Results of Operations

Overview

At March 31, 2007, Health Management Associates, Inc. (“we,” “our” or “us”) operated 61 general acute care hospitals with a total of 8,685 licensed beds in non-urban communities in Alabama, Arkansas, Florida, Georgia, Kentucky, Mississippi, Missouri, North Carolina, Oklahoma, Pennsylvania, South Carolina, Tennessee, Texas, Virginia, Washington and West Virginia. Historically, we also operated two psychiatric hospitals in Florida with a combined total of 184 licensed beds; however, such hospitals were sold on September 1, 2006.

Unless specifically indicated otherwise, the following discussion excludes our discontinued operations, which are identified at Note 5 to the Interim Condensed Consolidated Financial Statements in Item 1. Such discontinued operations were not material to our consolidated results of operations during the three months ended March 31, 2007 and 2006.

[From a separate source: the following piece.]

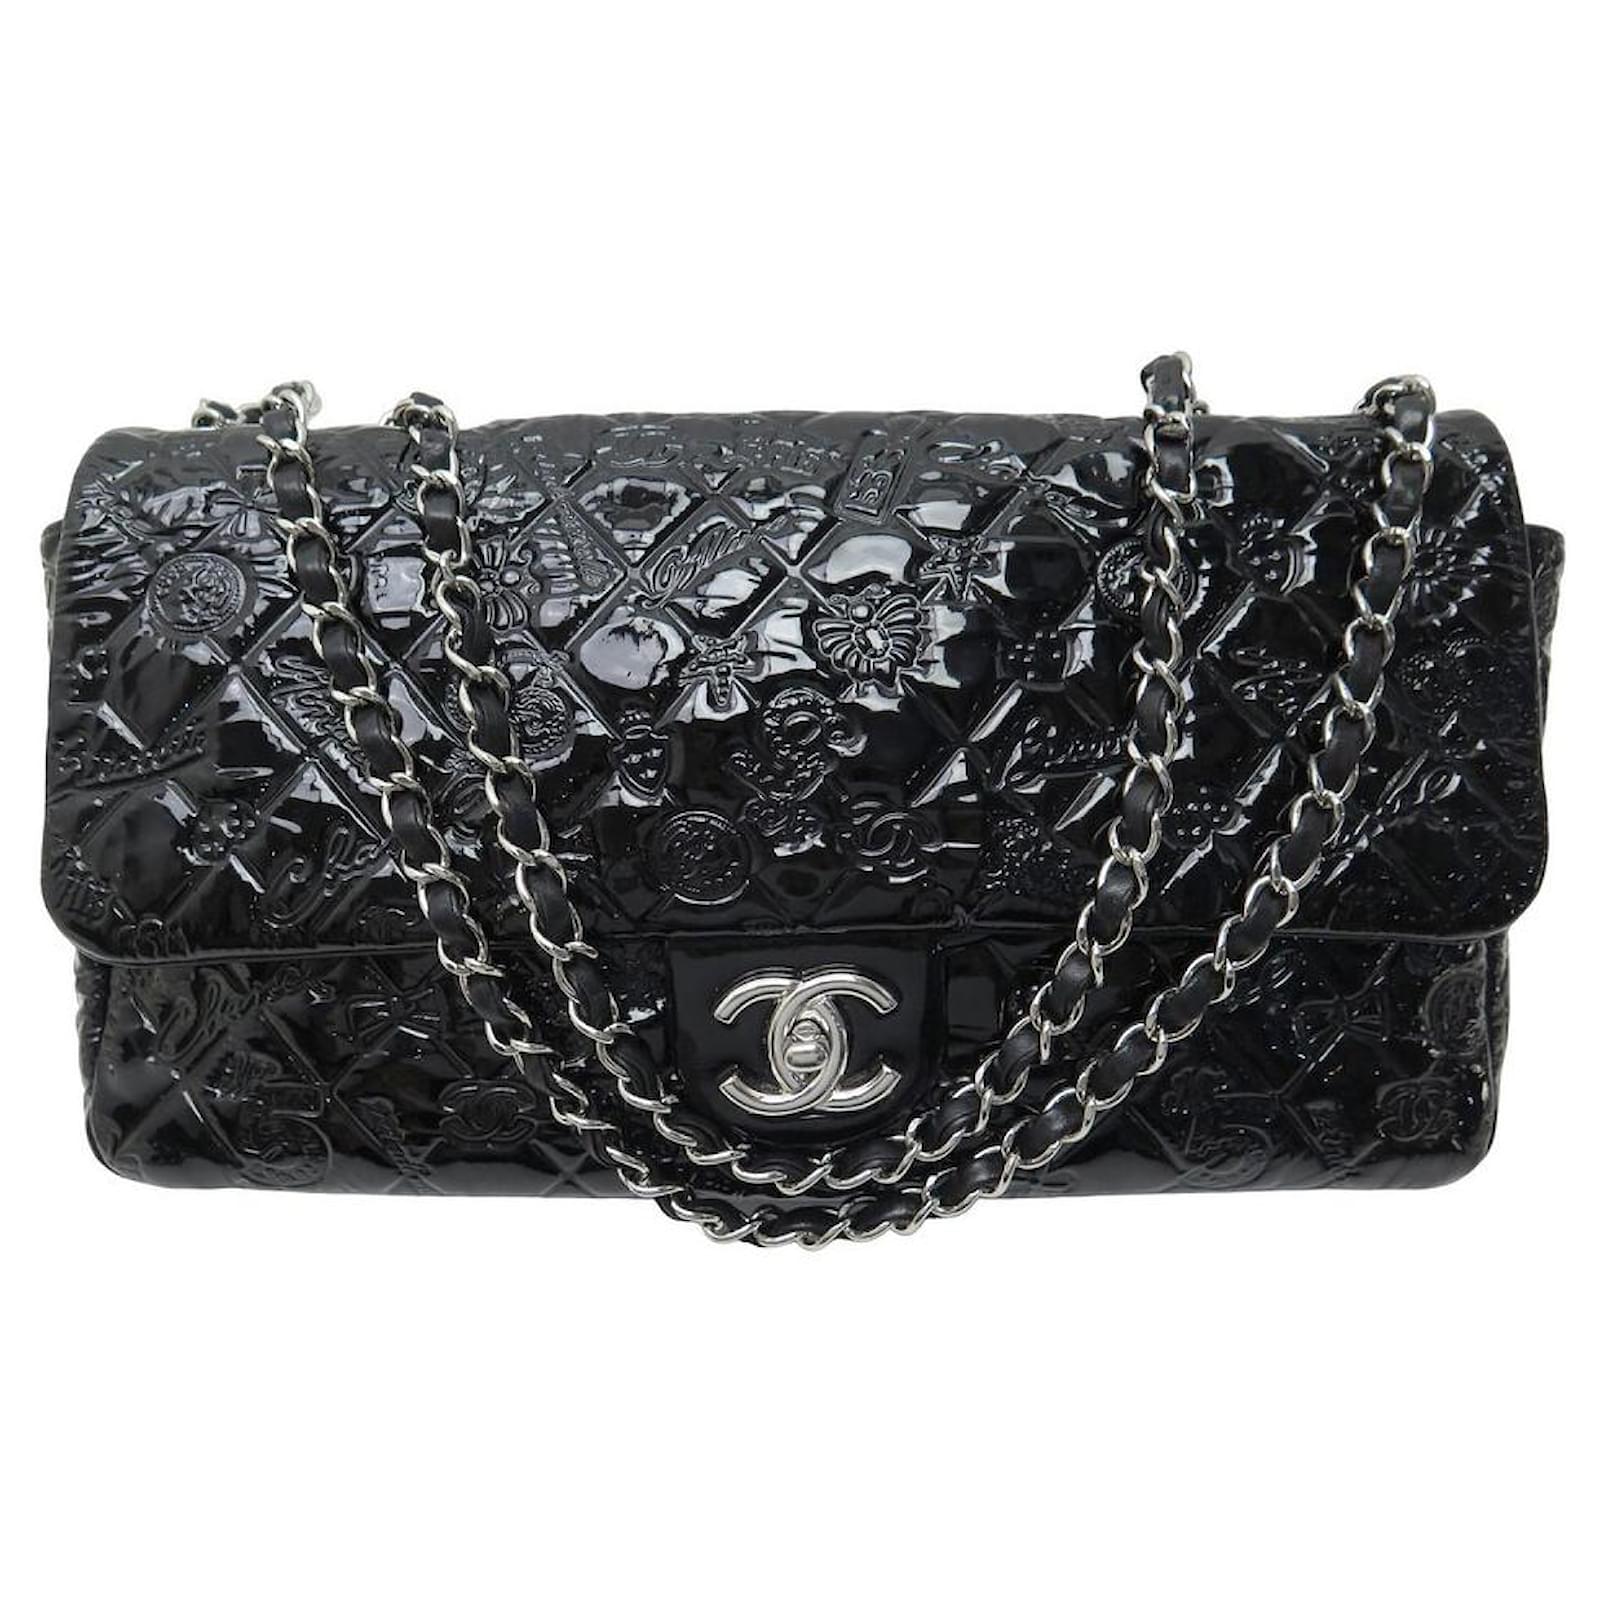 Handbags Chanel Chanel Timeless Coco Jumbo Patent Leather HANDBAG49748 Lucky Charms Purse

During the three months ended March 31, 2007, which we refer to as the 2007 Period, we experienced net operating revenue growth over the three months ended March 31, 2006, which we refer to as the 2006 Period, of approximately 13.3%. Such net operating revenue growth resulted primarily from the inclusion of revenue from hospitals we acquired after December 31, 2005, our de novo general acute care hospital that opened on February 5, 2007, favorable case mix trends and improvements in reimbursement rates. Income from continuing operations and diluted earnings per share from continuing operations decreased by approximately 24.3% and 25.0%, respectively, during the 2007 Period when compared to the 2006 Period. Offsetting the increase in net operating revenue during the 2007 Period and ultimately causing a year-over-year reduction in income from continuing operations were higher interest costs and an increase in the provision for doubtful accounts. Also adversely impacting income from continuing operations during the 2007 Period were increased payroll costs for newly hired physician employees and physician recruitment costs.

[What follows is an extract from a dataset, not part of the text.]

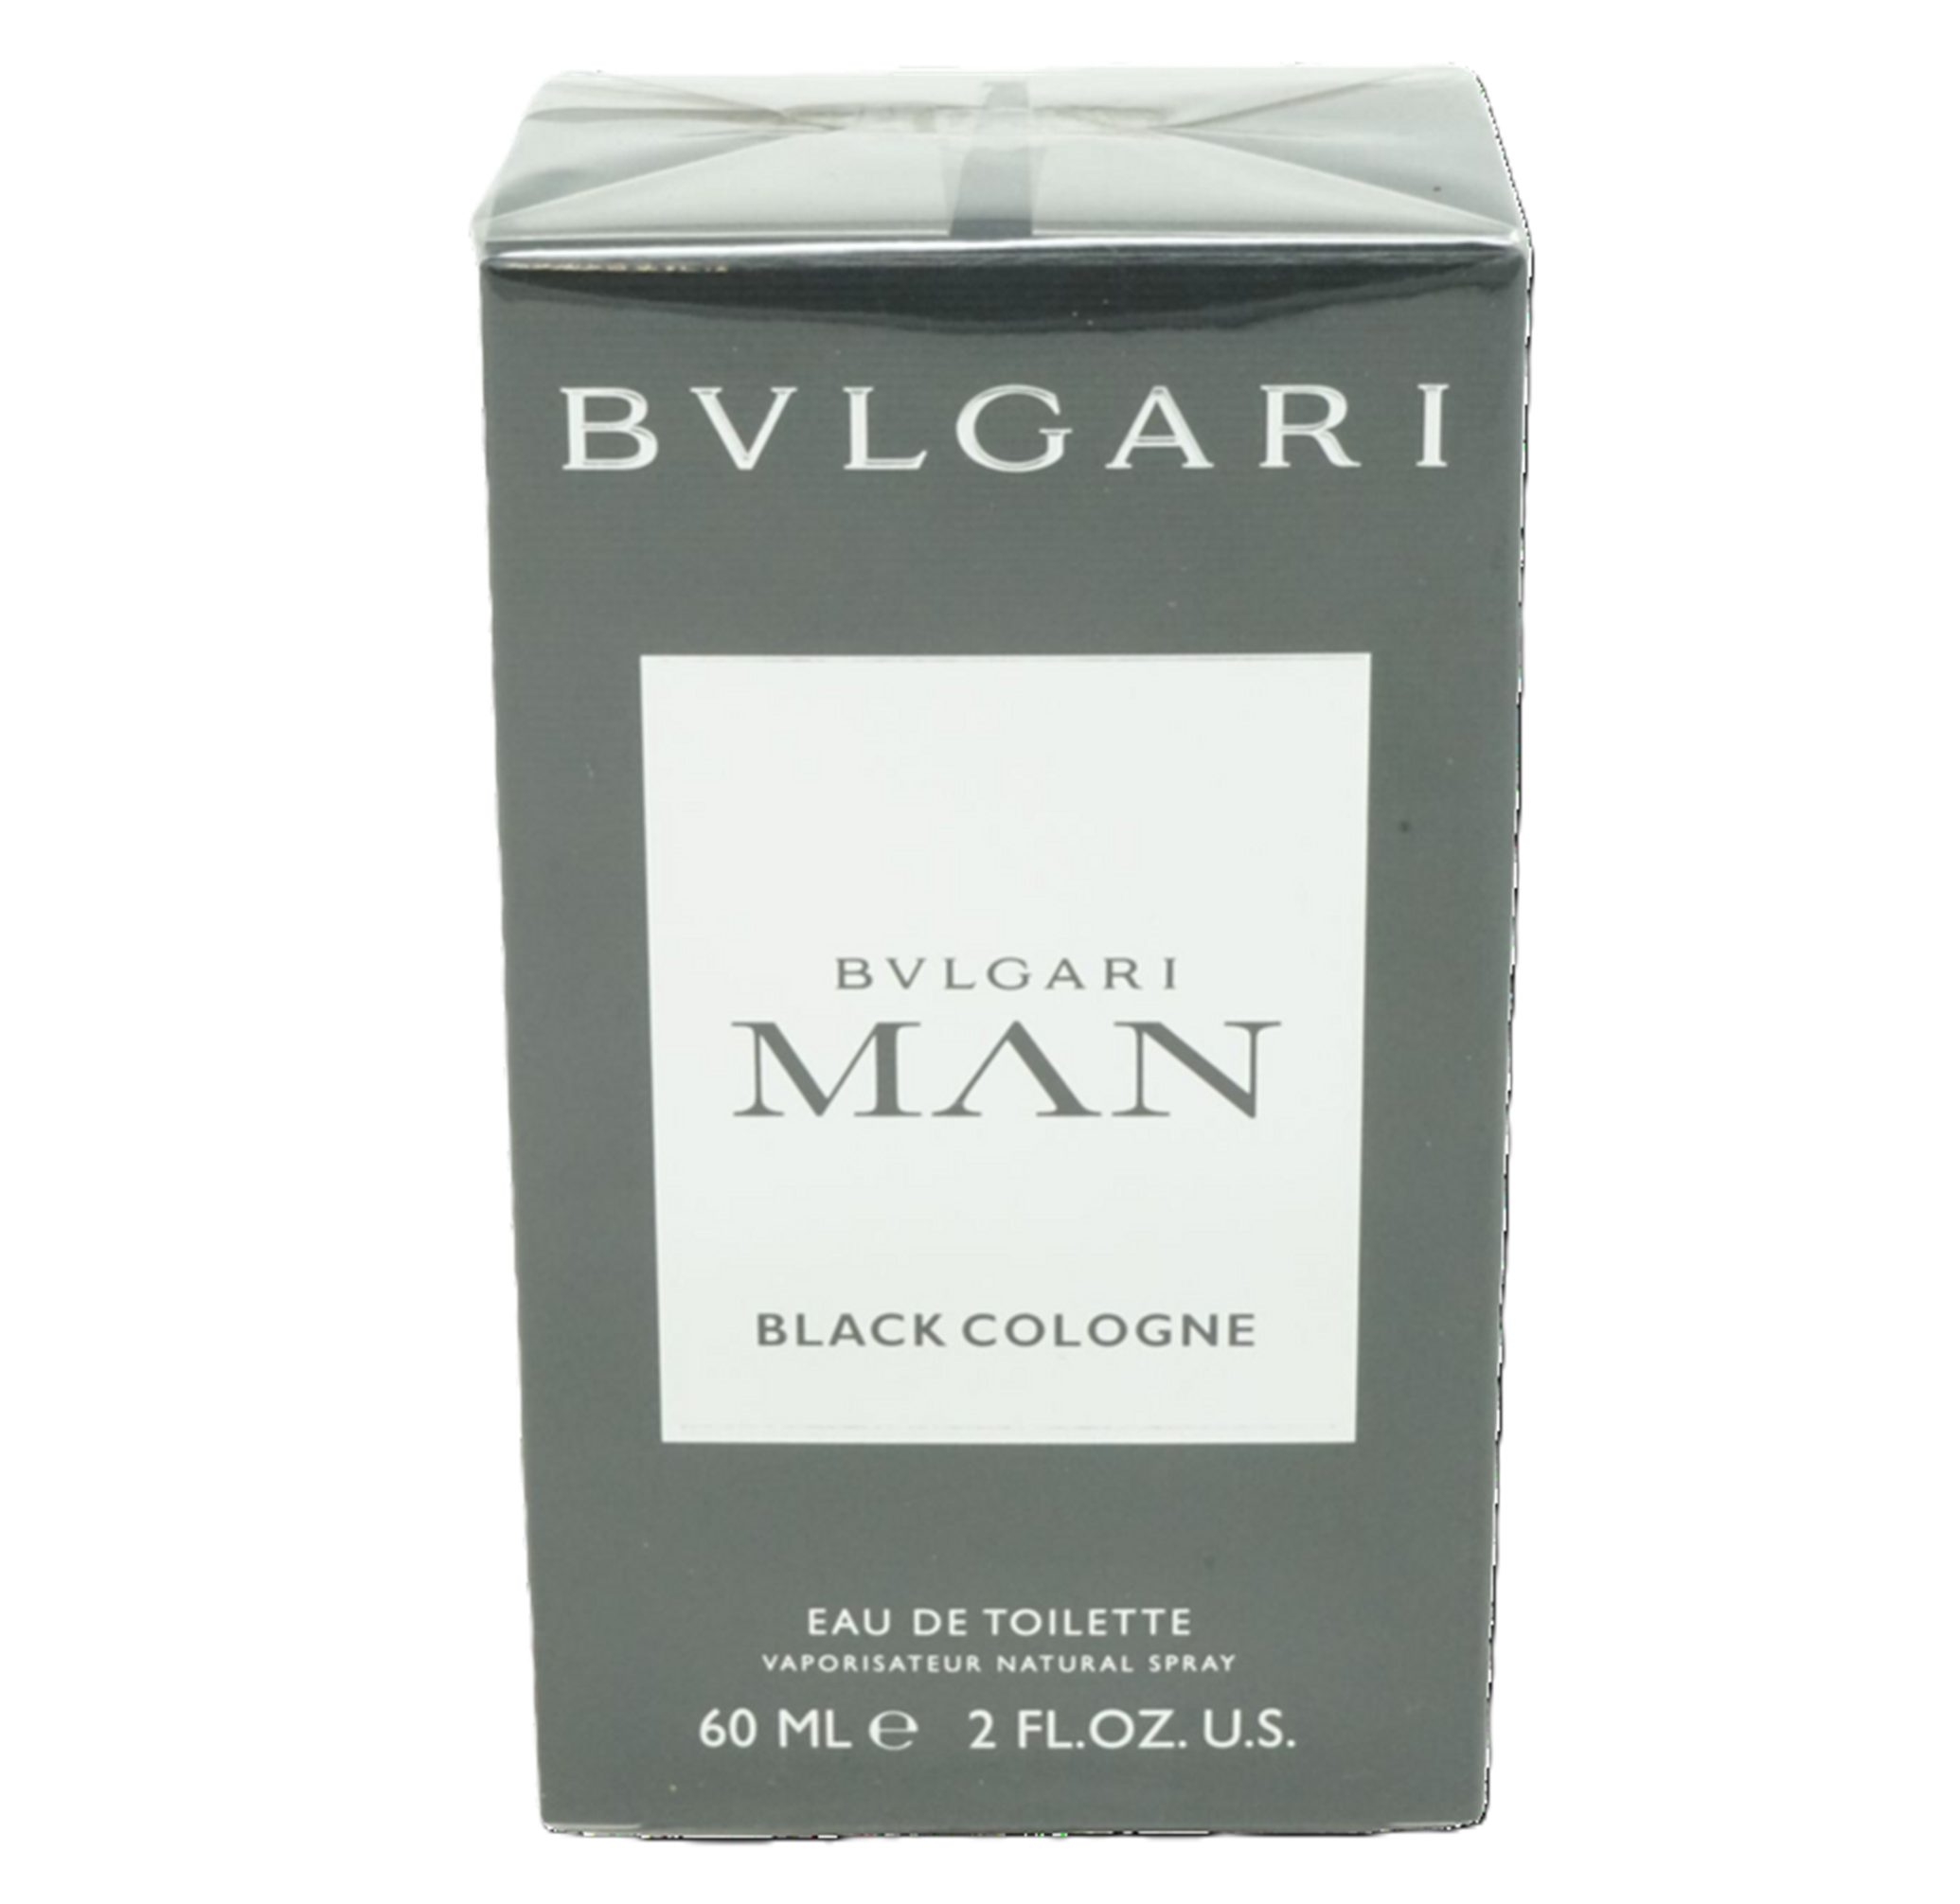 BVLGARI Eau de Toilette Bvlgari Man Black Cologne Spray 60ml

At our hospitals that were in operation during all of the 2007 Period and the 2006 Period, which we refer to as same hospitals, emergency room visits increased approximately 3.6%; however, corresponding same hospital admissions and surgical volume declined by 1.0% and 2.0%, respectively. Despite these declines, we believe that we will be successful in our efforts to reverse outmigration to non-urban hospitals in the communities where our hospitals operate. We put in place corrective action plans at certain hospitals to reverse negative operating trends, including hiring new management teams and renegotiating payor contracts. Furthermore, we continue to add physicians to our medical staffs and medical equipment to our hospitals in order to meet the needs of the communities that our hospitals serve. We believe that, over time, these investments, coupled with improving demographics, will yield increased hospital surgical volume, emergency room visits and admissions.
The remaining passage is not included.